If people are good only because they fear punishment, and hope for reward, then we are a sorry lot indeed.
– Albert Einstein
Apparently Einstein and I have something in common as am not a fan of reward charts for behavior. I’ve tried them. Sure, at first, they work great. But then, after a little time, the rewards through stickers and prizes gets expensive, and it doesn’t really teach anything except extrinsic motivation.
On the other side, how does the negative reinforcement of actions affect a child’s intrinsic motivation?
Does it result in positive behavior for the right reasons? Or does it just create a false motivation, one driven by fear and punishment? Consequently, if a child is hearing constant negative feedback for their behavior, how long do you think it takes before they start to believe that they are a bad person?
I would venture to guess, that as parents, we all have a common goal :: to raise happy, kind, and successful human beings. If we are all hoping for the same goal for our children, why are we trying to manipulate them into desired behaviors by giving them material rewards for when they do things that are part of life and human decency? Sure, it may work on some kids, but not all.
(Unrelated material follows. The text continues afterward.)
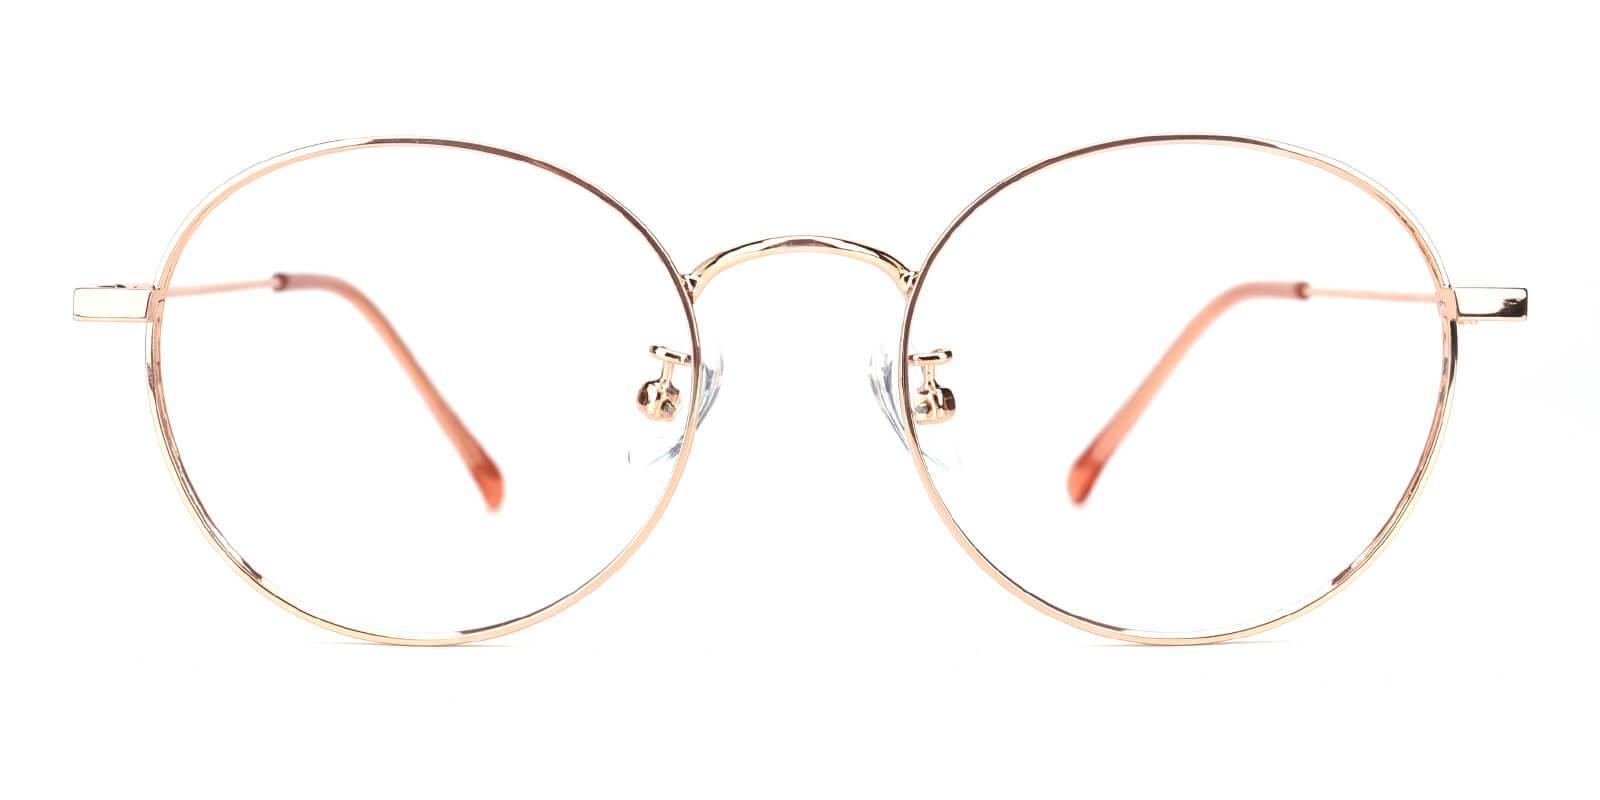 Hibbardr-Pink-Round-Metal-Eyeglasses-detail

Later on down the road, too, how do you begin to motivate your child to cooperate or do nice things if they are expecting money, or a toy car, or an ice cream cone, as they approach their teen years and adult years? We all know that at your job, if you complete your work, it isn’t likely your boss is going to buy you an ice cream cone once a week to tell you “Good job doing what I am paying you to do.” Many of us do well and work hard at our job because we WANT TO be good at our job. We are intrinsically motivated.
So how do we create this in our children?
Motivation to behave or be a good person can’t be successful forever if you are constantly giving prizes … the same goes if you are constantly punishing a child for a negative behavior but not giving them any feedback on how to correct the behavior. Our kids are human; they have bad days, they could be tired or hungry, or even anxious or depressed. Just because their problems are seemingly innocuous to us doesn’t mean they are not big to them. They learn from us. If, every time they have a bad day and speak rudely to us, and we just put them in time out for it, are they learning how to correct the problem? How do you think they may try to solve the problem in the future if they are not guided or taught? Or, even more notable, what if we speak to them rudely or disrespectfully – how do you think they would respond? Would they put US in time out?
I have recently read several books by Dr. Ross W. Greene, a child psychologist whose books have changed the way we parent. The main hallmark of how he encourages interaction with our children is “Kids will do well if they can.” Meaning a lot of times, the reason our children may have negative behaviors is because the expectations put on them far exceed their ability to cope and manage them, not because they want to be a pain in the butt. I know, as an adult, if I am in a situation that is difficult for me or makes me angry, I will react with negative behavior. But fortunately, because I am an adult and I have developed skills for managing my emotions, I can pull myself out of a situation and go have my breakdown in private. Unfortunately, our children don’t have that luxury. Their emotional intelligence is not fully developed, yet we expect them to react as though they have the same coping skills. It is up to us, as parents, to teach them, not just put them in time out to figure it out for themselves.
What works in my family
In our family, we feel like reward and behavior charts do nothing to address what causes negative behaviors in children. In order for our children to develop into good human beings, they need to be taught valuable skills in decision making, problem solving, collaboration, and social interaction. Of course, we all know that discipline is not one size fits all, and what works for my family may not work for another. Every child is different and every family has different struggles. Letting go of sticker charts and tokens has made a huge improvement in our family life, and if you try it out, I hope it does the same for you.
This post isn’t to say that I never punish my child.
There are plenty of times when privileges are taken away or he gets time out. But those incidents come with a discussion and often a time out happens by his choice, because he needs and wants time to sit and reflect on his own. Do I think it is perfect? No, not at all. But I do believe that it is far more effective than a sticker on a chart or a token to cash in for a prize. After all, when he does nice things now, he does it because it feels good to help someone or say something nice, not because he’ll get a new Hot Wheel.